High Court finds parts of Garda vetting law unconstitutional
Judge Anthony Barr made the finding in the case of two gardaí who sued after the Garda ombudsman — then called Gsoc — notified the vetting bureau of concerns that the members posed a risk of harm to children or vulnerable adults. Picture: iStock
The High Court has declared as unconstitutional legislation requiring various watchdogs and regulatory bodies to notify the Garda National Vetting Bureau of individuals under investigation whom they believe could pose a danger to children or vulnerable people.
In a judgment today, Judge Anthony Barr found that certain sections of the National Vetting Bureau (Children and Vulnerable Persons) Act 2012 were unconstitutional.
This is in circumstances where the Act does not afford persons who are subject to a notification to the bureau an opportunity to see − and subsequently to challenge the veracity or accuracy of − the information provided to the bureau, save for the information being disclosed as part of an application for vetting clearance, the judge held.
The judge also found the relevant section of the Act was incompatible with the European Convention on Human Rights for the same reason.

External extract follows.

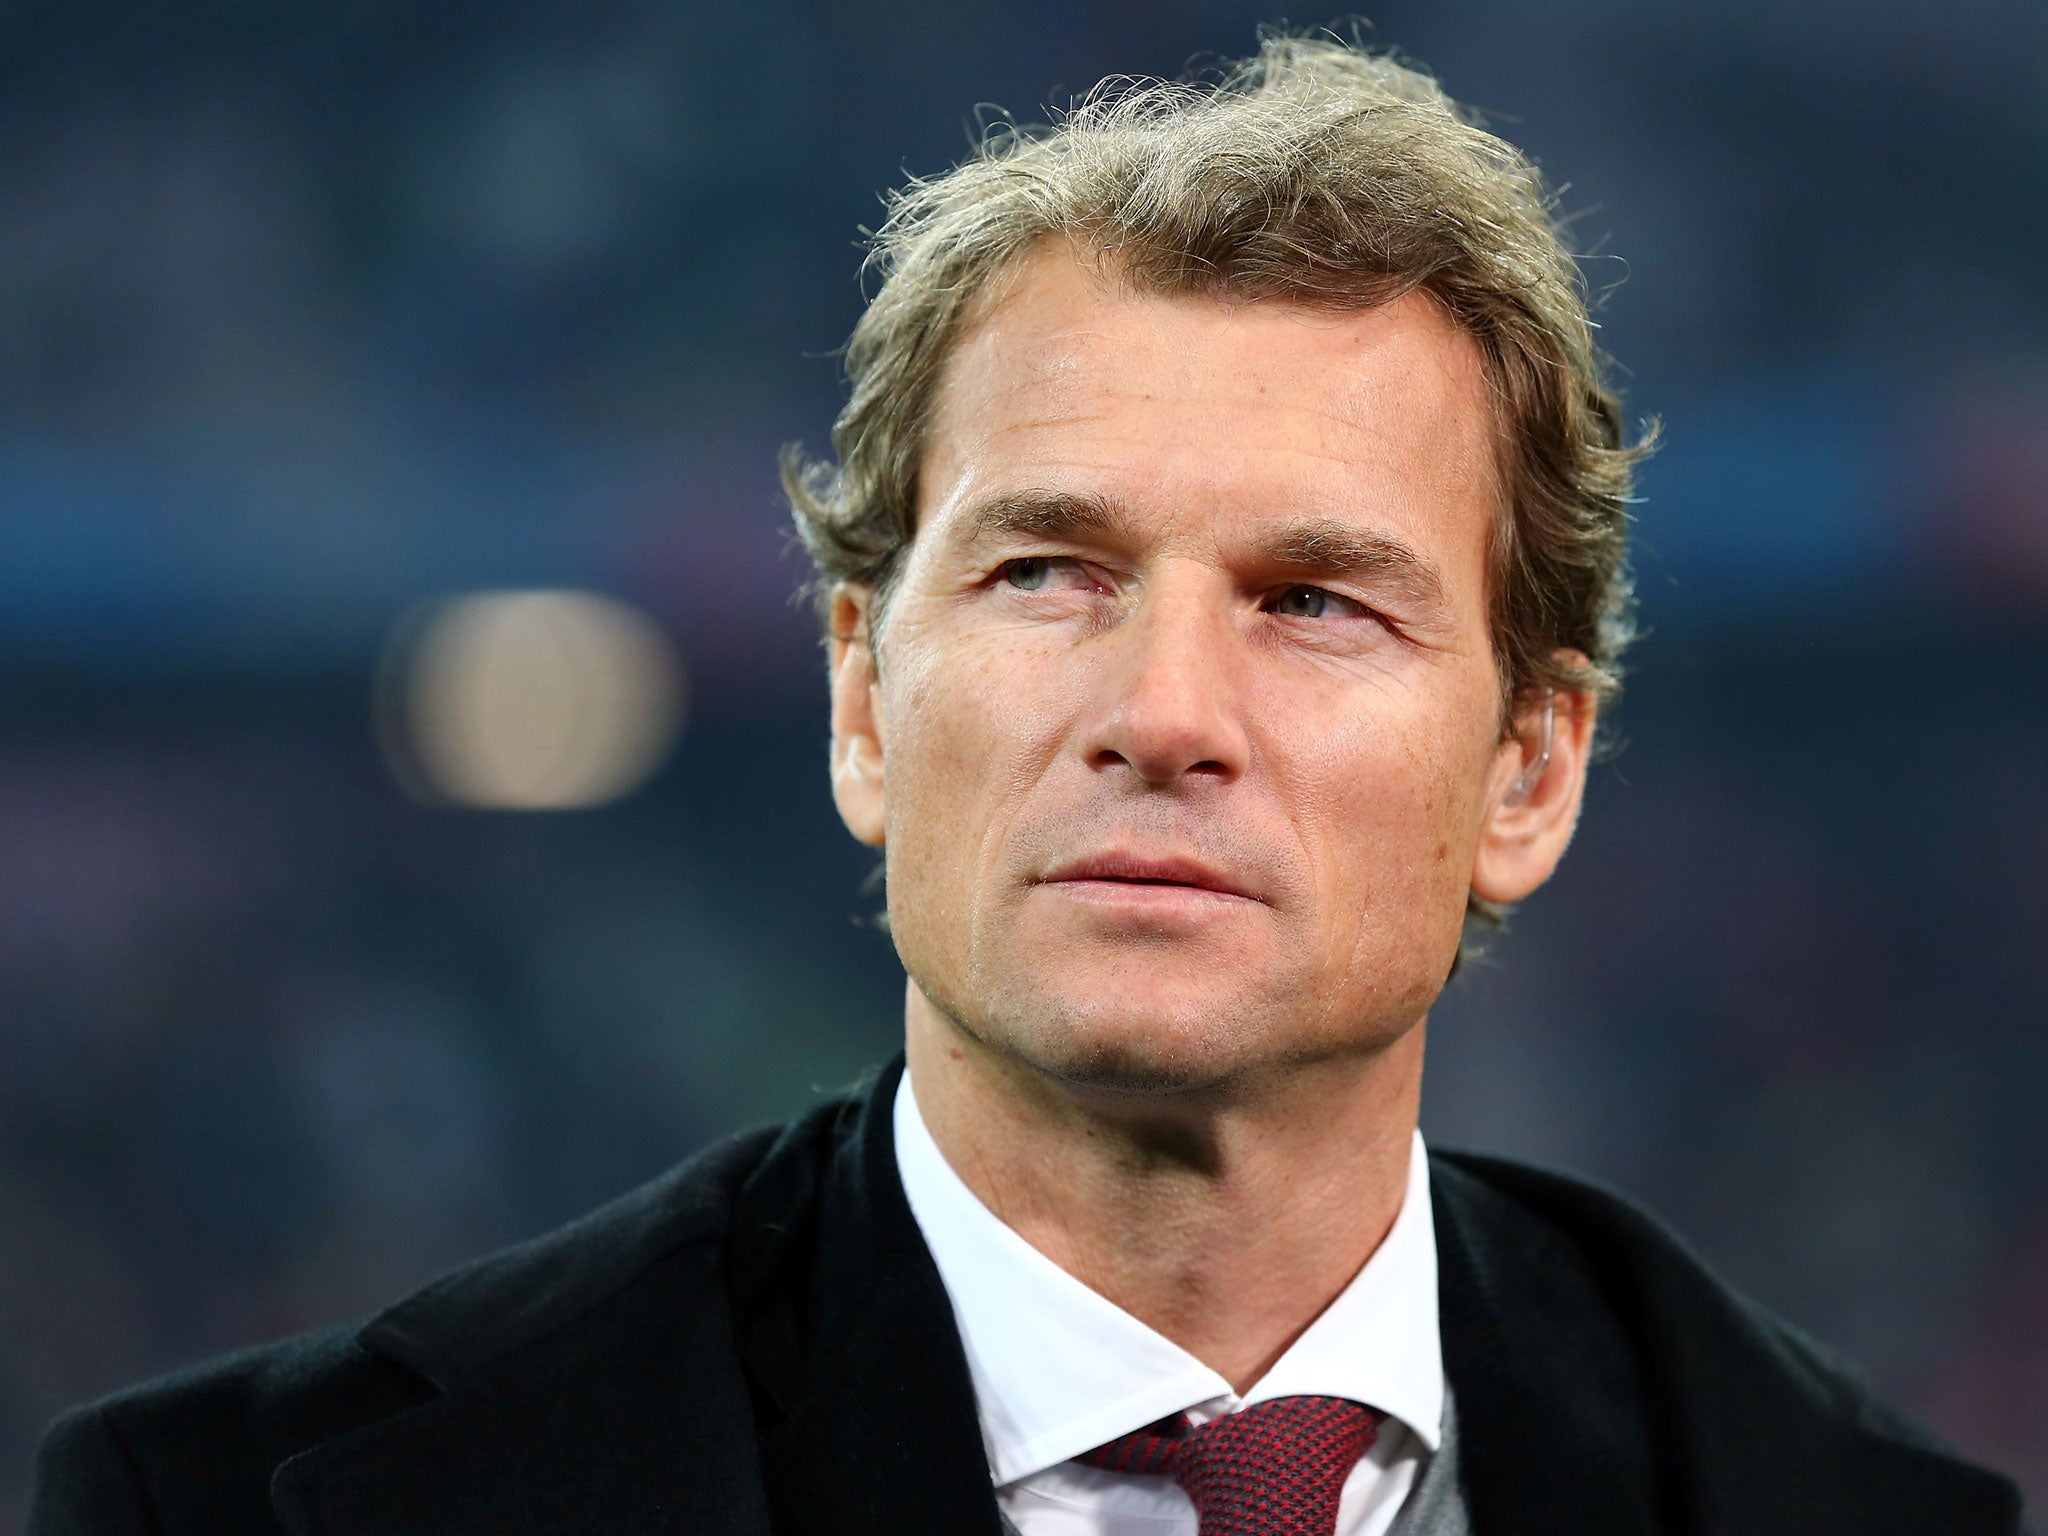 Jens Lehmann has offered a £2,000 reward for anyone that can return a bag and contents that he had stolen from him in London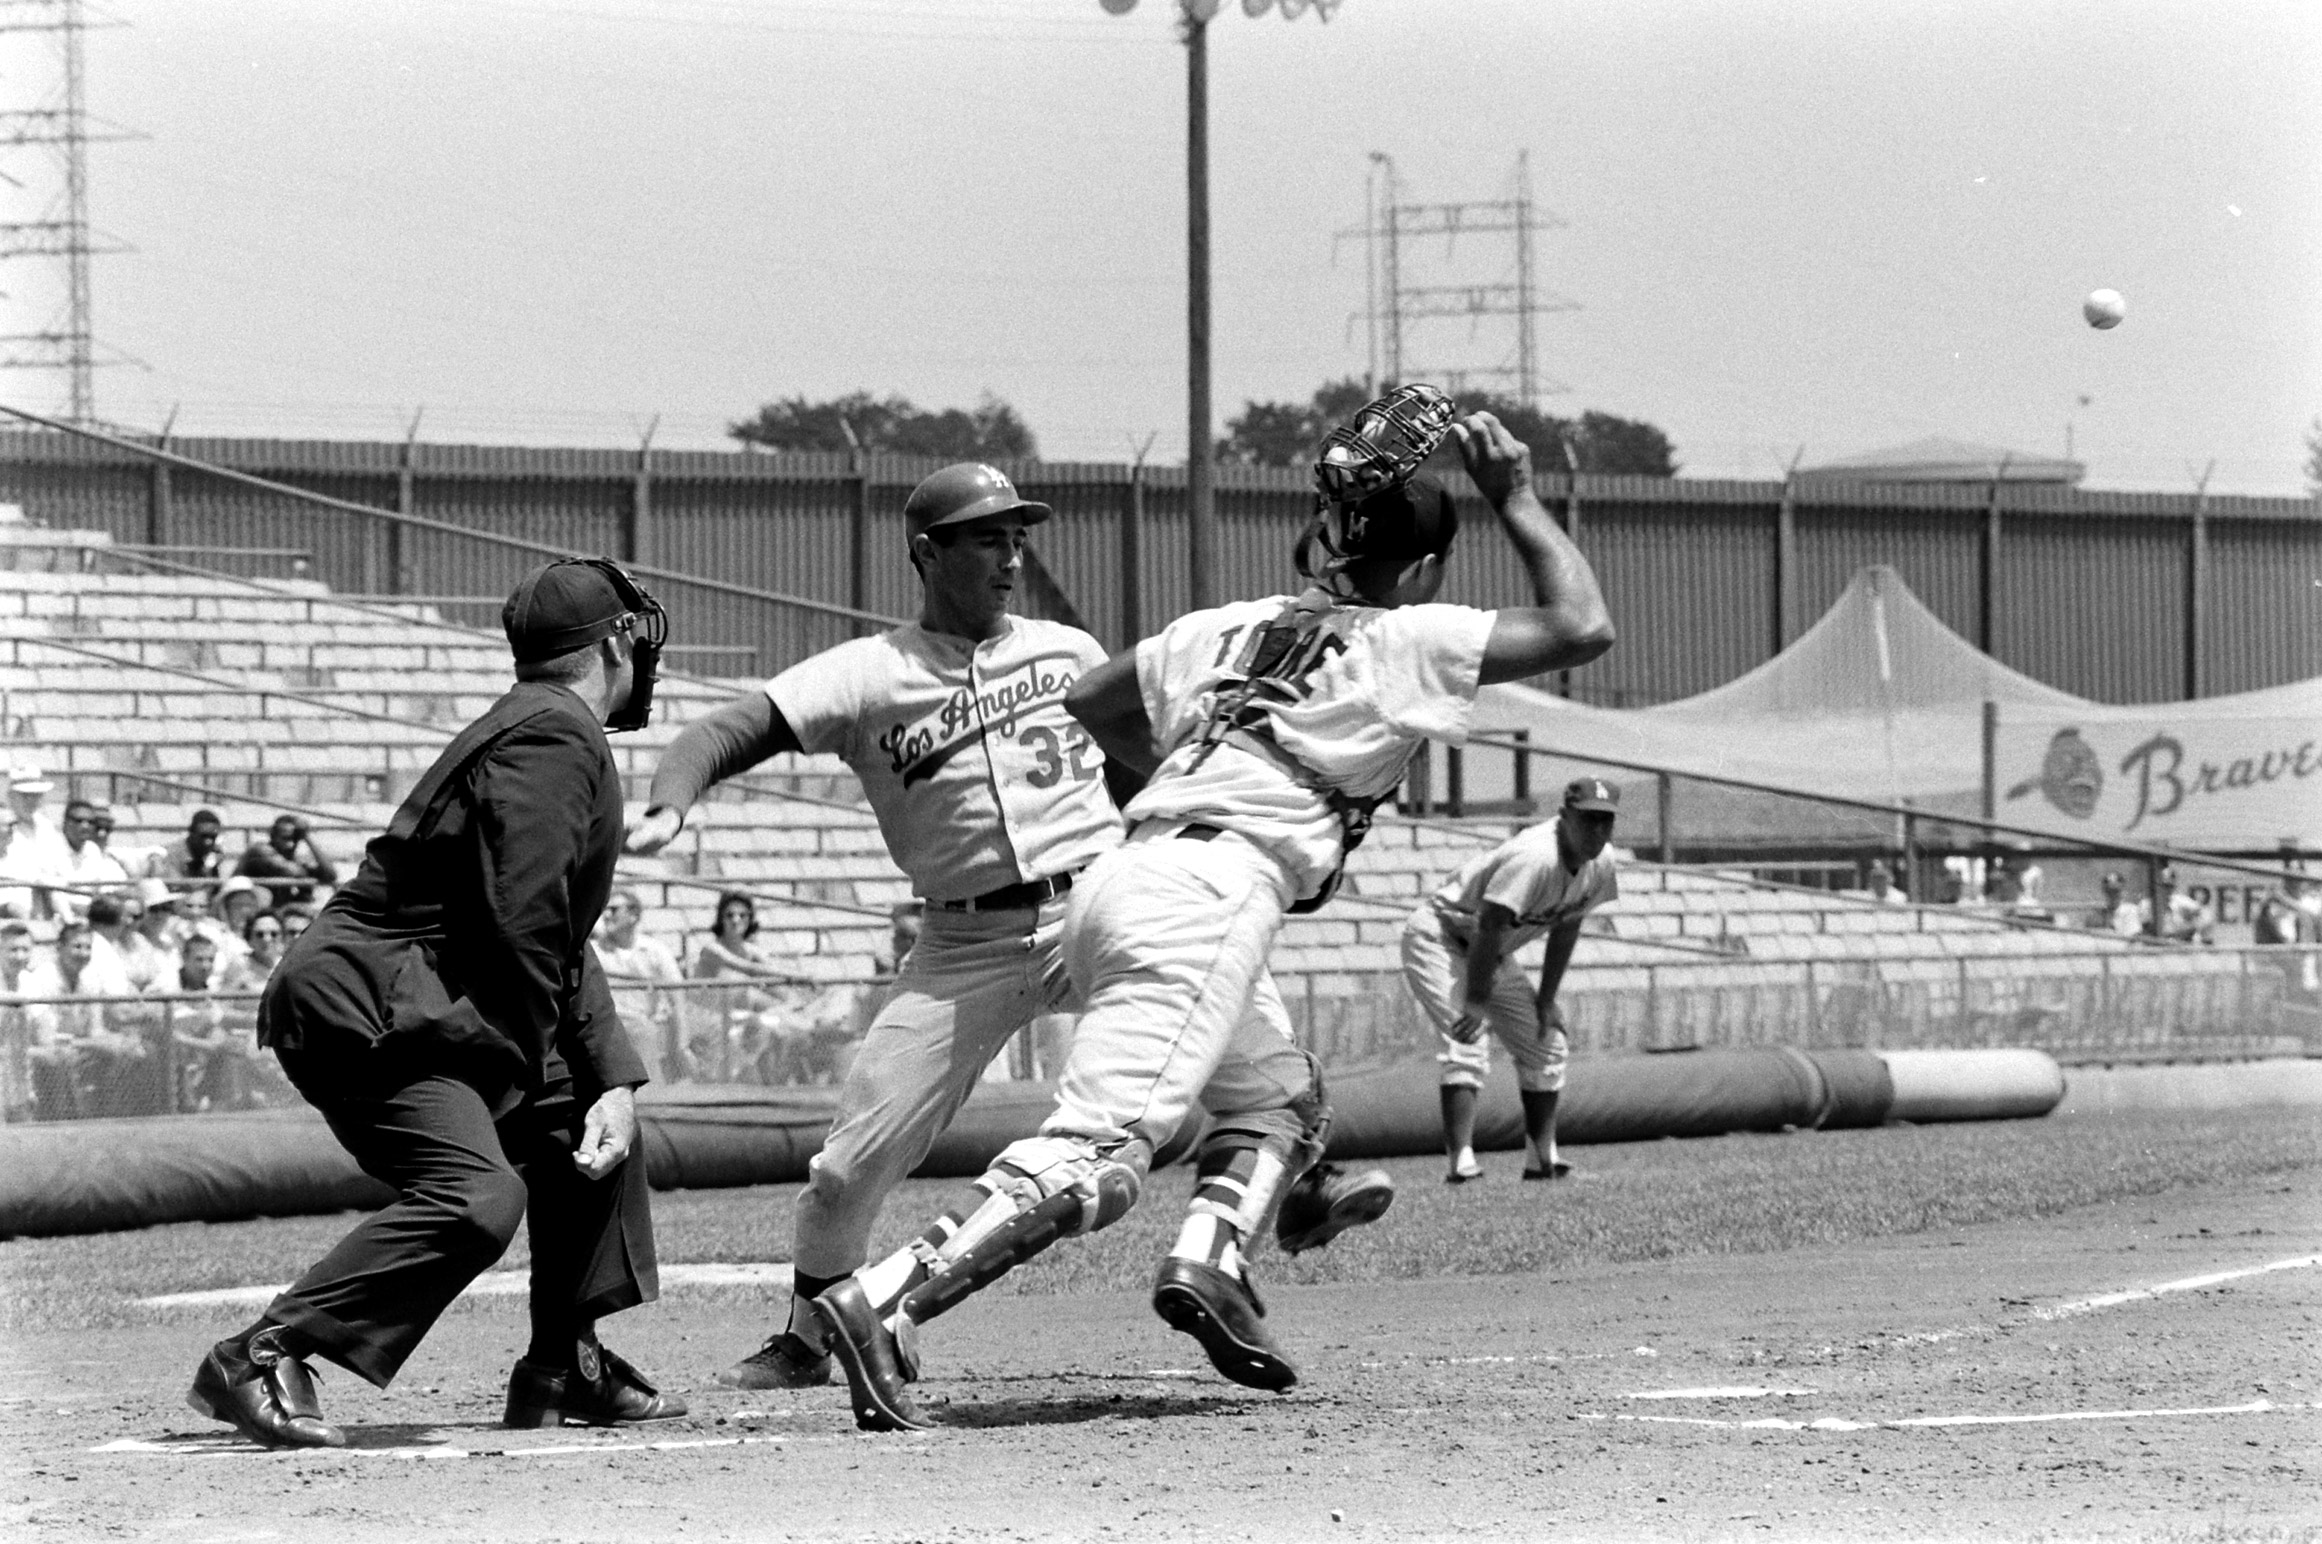 Los Angeles Dodgers pitcher Sandy Koufax in action during a game against the Milwaukee Braves, 1963.

The judge made the finding in the case of two gardaí, who sued after the Garda ombudsman — then called Gsoc — notified the vetting bureau of concerns that the members posed a risk of harm to children or vulnerable adults. The notification followed a complaint concerning the level of force used by the two gardaí in arresting a minor.
The Act requires certain bodies to notify the bureau of “bona fide” concerns that a person under investigation may harm a child or vulnerable person.
Other bodies subject to the law include the HSE, the Medical Council, and the Teaching Council.
The two gardaí brought the action against Gsoc, the vetting bureau, An Garda Síochána, and the State.
The case arises from the gardaí’s involvement in arresting a juvenile in November 2018. A complaint was made to the Gsoc concerning the level of force used by the gardaí in making the arrest. The arrested male had allegedly taken his father’s Mercedes without permission, and drove the vehicle at speeds in excess of 200km/h.
Gsoc investigated the case and in May 2024, it sent a file to the Director of Public Prosecutions.
In June 2024, in line with its obligations under the Act, Gsoc also notified the vetting bureau of “specified information” concerning the two members.
Subsequently, the DPP decided the gardaí should not face prosecution arising out of the arrest.
Following this development, Gsoc refused to correct or amend the information provided to the bureau. An Garda Síochána refused to inform the gardaí of the content of the information provided, and the bureau refused to alter or revoke the information.
In his judgment, the judge noted that the two members knew the information passed to the vetting bureau “must be highly discreditable of them”.
The gardaí submitted their constitutional right to a good name and fair procedures meant they had a right to be informed of the information passed to the vetting bureau, and if necessary, to challenge its accuracy.
The judge noted: “The situation as of June 2024, is that the two [gardaí] in this case know that something highly discreditable has been said about them by [Gsoc] to the [vetting bureau]. They do not know what that is. Therefore, they cannot argue that what has been said is untrue or is inaccurate.
“They are left in a situation where they must go about their ordinary lives as members of An Garda Síochána and, at least in one case, as a father, knowing that there exists on a database held by the [vetting bureau] information which suggests that they pose a risk to children and vulnerable adults.”
The only way in which the gardaí could learn the contents of the information is by a third party making a request to the vetting bureau for a vetting disclosure.
“For the [two gardaí], it is like playing Russian roulette. They must get the third party to make the vetting disclosure request, not knowing what information there is about them on the register of specified information,” the judge said.
The judge held that the retention on a database of “highly discreditable information” about a person engages that person’s right to be informed of it and make submission on it.
He said that for the vetting bureau to hold such information, and yet for the legislation to not provide any mechanism for challenging the accuracy or veracity of that information, was in breach of the gardaí’s right to privacy and good name, and was in breach of fair procedures.
Following this finding, the judge held that the obligation under the Act on regulatory bodies to notify the vetting bureau of concerns relating to risks to children and vulnerable adults, and the subsequent retention of that information by the bureau, was unconstitutional.
The judge held that the relevant sections of the Act were unconstitutional.
The judge also found the relevant section of the Act was incompatible with the European Convention on Human Rights for the same reason.